For you as a decision-maker, this means: the technology is a powerful, universal tool for the future of process automation. In the present, however, it still requires human oversight and an architecturally well-thought-out, shielded IT security infrastructure.

Frequently Asked Questions

What is "Computer Use" from Anthropic?

"Computer Use" is a feature of the Claude 3.5 Sonnet AI model that allows artificial intelligence to operate a computer like a human. The AI looks at the screen, moves the mouse cursor, clicks buttons, and types text to control software without special interfaces.

How secure is AI desktop control in practice?

Its use currently still carries significant security risks, particularly from so-called prompt injections, where hidden code on websites can manipulate the AI. Experts strongly advise running the feature exclusively in isolated sandbox environments to prevent access to sensitive system data.

What specific tasks can the AI already perform?

Claude can independently fill out forms in the browser, transfer data between different programs, conduct internet research, and test software code.

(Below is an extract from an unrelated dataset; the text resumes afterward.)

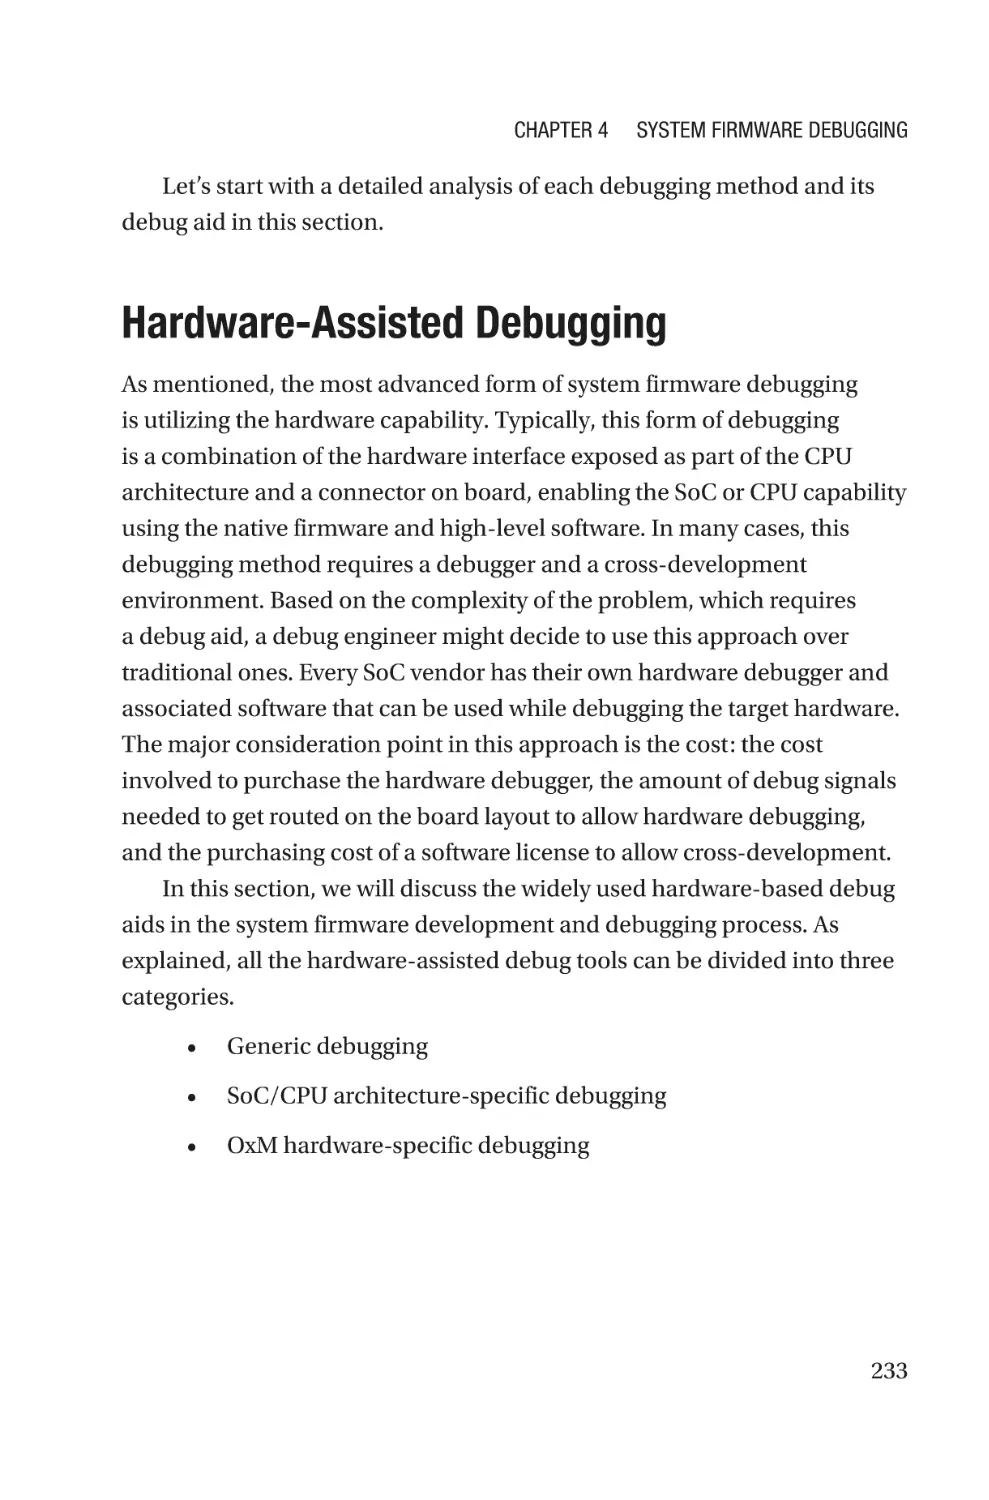 Hardware-Assisted Debugging

If no API interface is available, the AI simply uses the visual user interface of the respective application.

Sources:

Introducing computer use, a new Claude 3.5 Sonnet, and Claude 3.5 Haiku – Anthropic, October 2024
Upgraded Claude 3.5 Sonnet with computer use on Vertex AI – Google Cloud Blog, October 2024
Anthropic's latest AI model can use a computer just like you – ZDNET, October 2024
Anthropic Releases New Claude Models and Computer Use Feature – InfoQ, November 2024
Anthropic's Claude Can Now Use Your Computer to Complete Tasks for You – PCMag, March 2026

Summary

Claude Computer Use: The Claude 3.5 Sonnet model controls the desktop visually via screenshots and simulates mouse and keyboard inputs without relying on classic APIs.
Performance: In the OSWorld benchmark, the AI achieves 14.9 percent – a rapid doubling of the previous best value, although still far from human levels.
Early Adopters: Early users like Canva, DoorDash, and Replit are already using the technology in the beta phase for complex, multi-stage workflows.
First Step: Evaluate isolated sandbox environments (such as Docker containers) in your company to test AI control safely and without risk to your core systems.